▸ **TASK REQUIREMENTS**: Could you repeat the listing below exactly while leaving its pictures behind?

▸ **RAW DATA**:
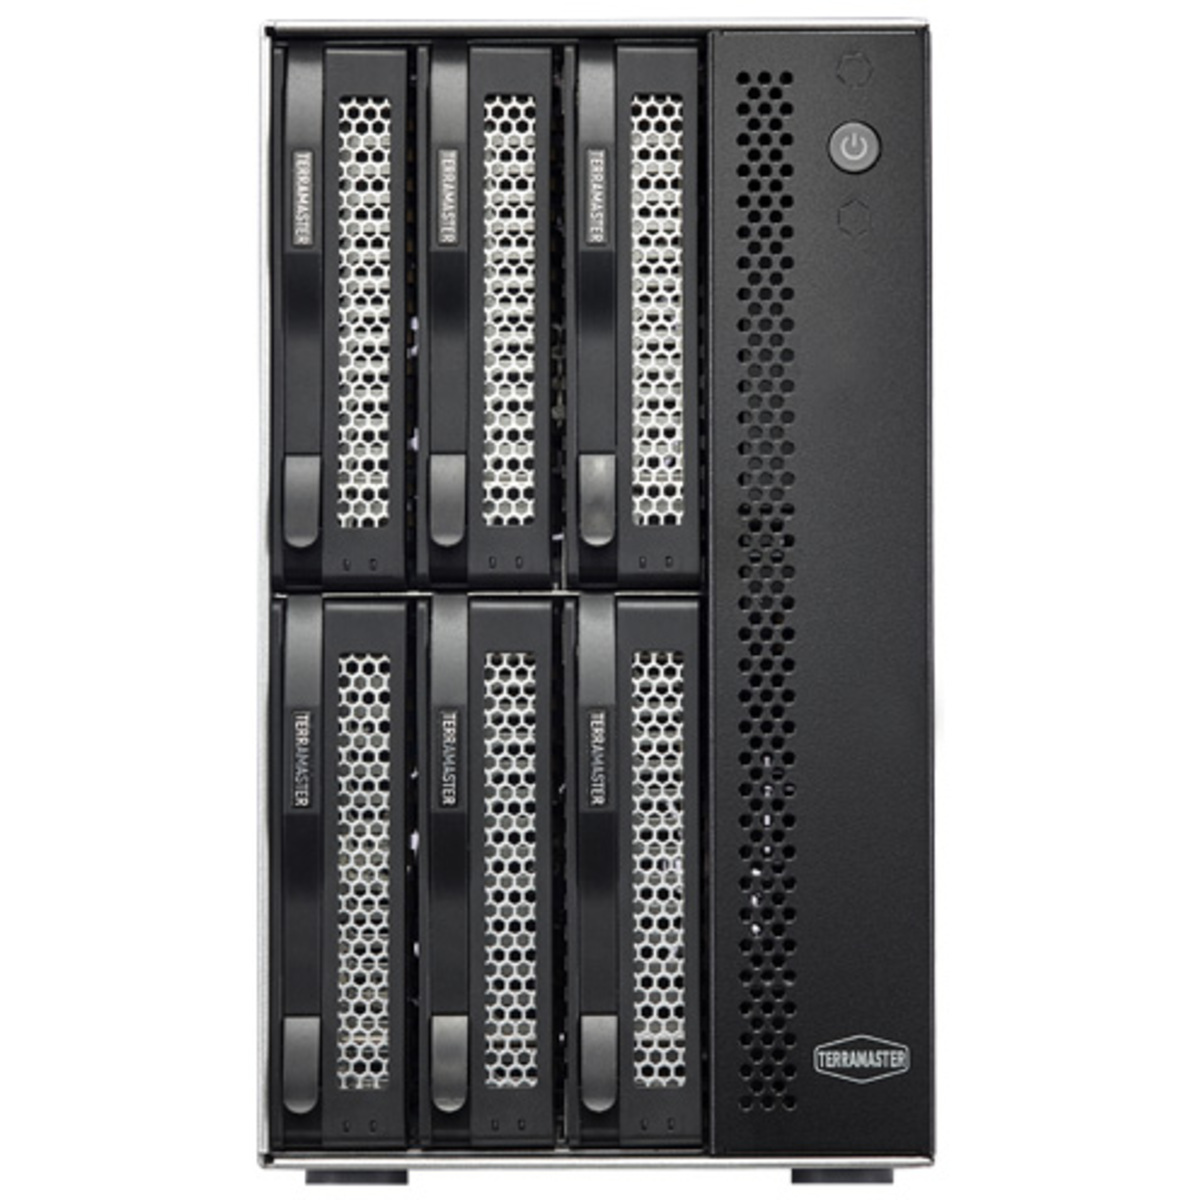 TerraMaster D6-320 80tb 6-Bay Desktop Multimedia / Power User / Business DAS - Direct Attached Storage Device 4x20tb Western Digital Red Pro WD201KFGX 3.5 7200rpm SATA 6Gb/s HDD NAS Class Drives Installed - Burn-In Tested D6-320
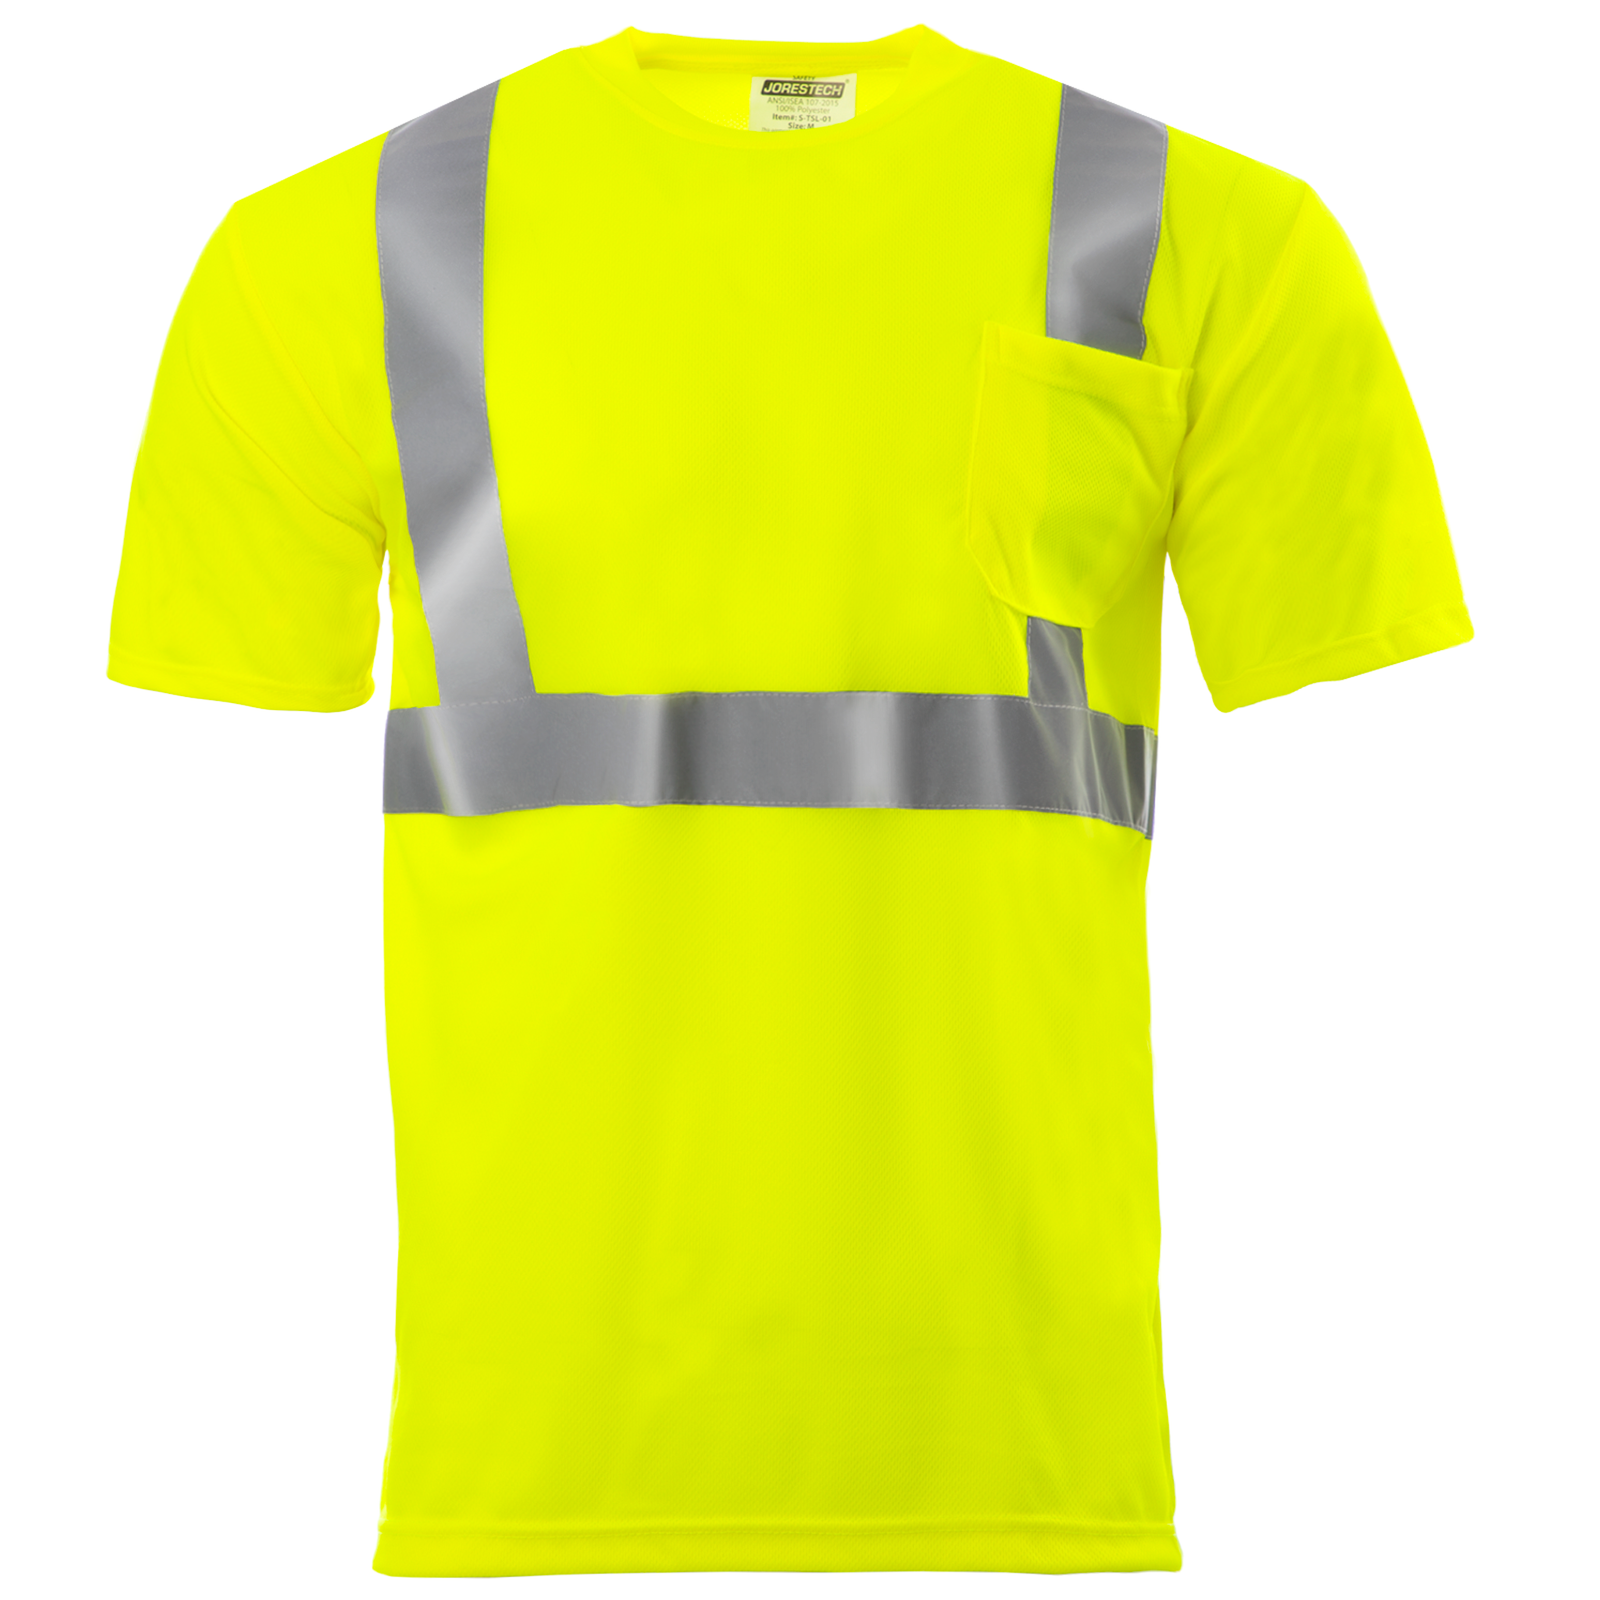 Front view of the yellow/lime hi-vis reflective safety pocket JORESTECH short sleeve shirt with breathable birds eye fabric
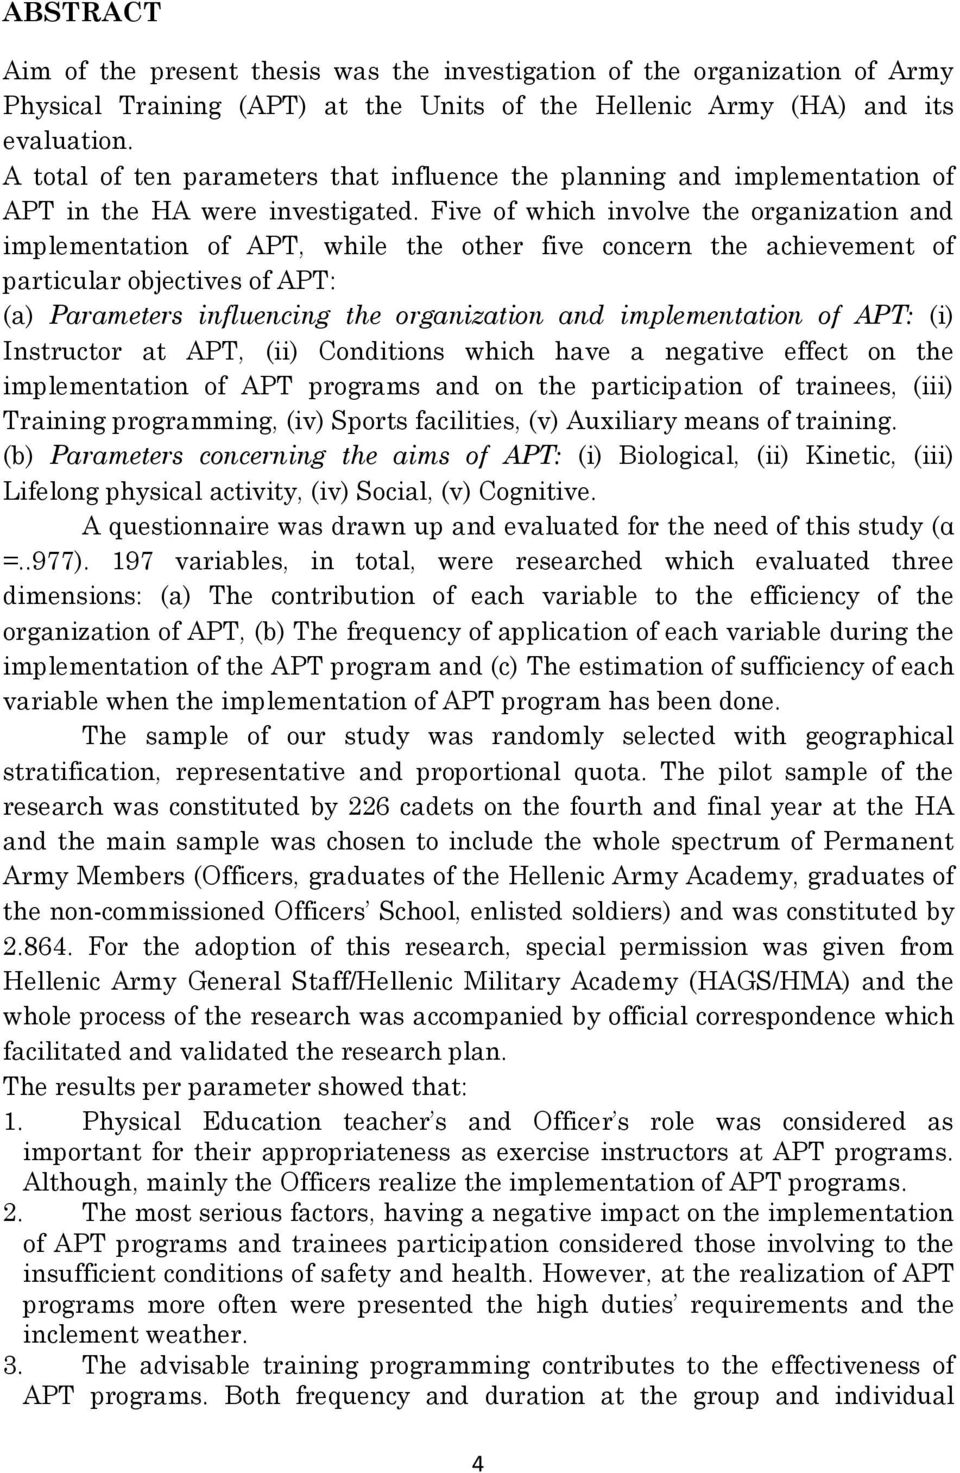 Five of which involve the organization and implementation of APT, while the other five concern the achievement of particular objectives of APT: (a) Parameters influencing the organization and
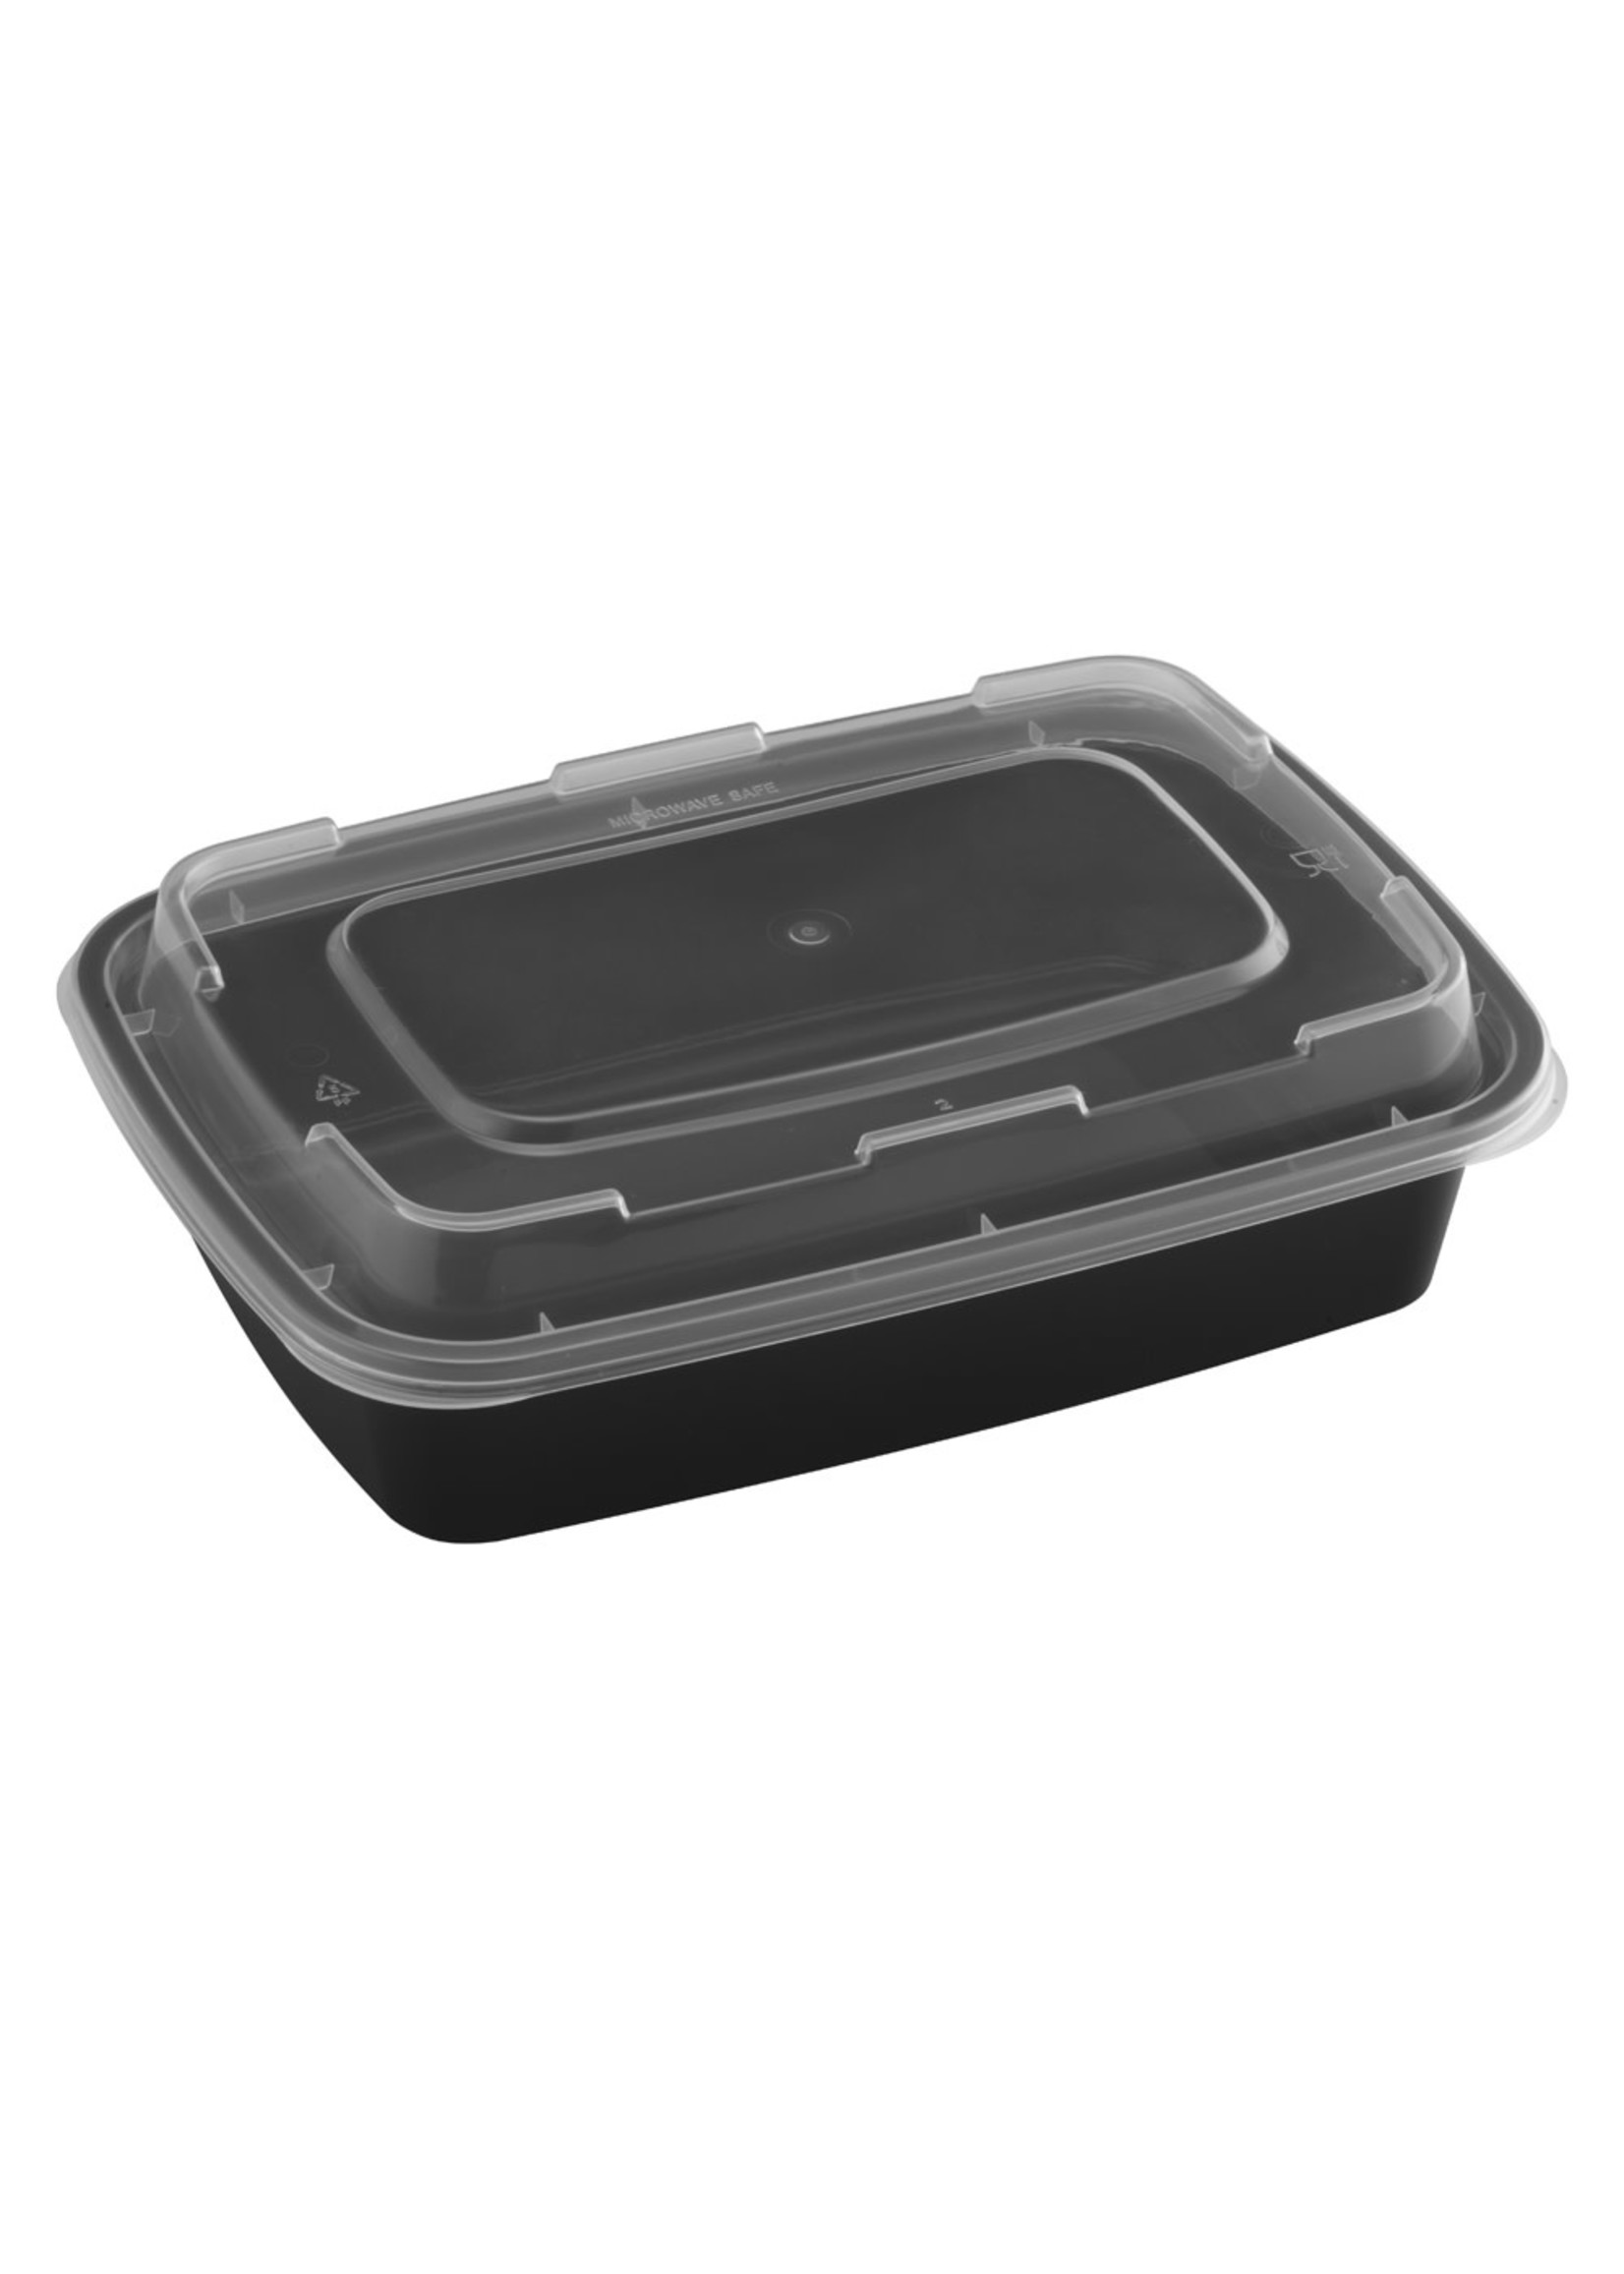 Gladway TY-24 / RC24 - 24oz Rectangular Microwaveable Container with Lid, 150 sets (50/6)

▸ **YOUR RESPONSE**:
 TerraMaster D6-320 80tb 6-Bay Desktop Multimedia / Power User / Business DAS - Direct Attached Storage Device 4x20tb Western Digital Red Pro WD201KFGX 3.5 7200rpm SATA 6Gb/s HDD NAS Class Drives Installed - Burn-In Tested D6-320
 Front view of the yellow/lime hi-vis reflective safety pocket JORESTECH short sleeve shirt with breathable birds eye fabric
 Five of which involve the organization and implementation of APT, while the other five concern the achievement of particular objectives of APT: (a) Parameters influencing the organization and
 Gladway TY-24 / RC24 - 24oz Rectangular Microwaveable Container with Lid, 150 sets (50/6)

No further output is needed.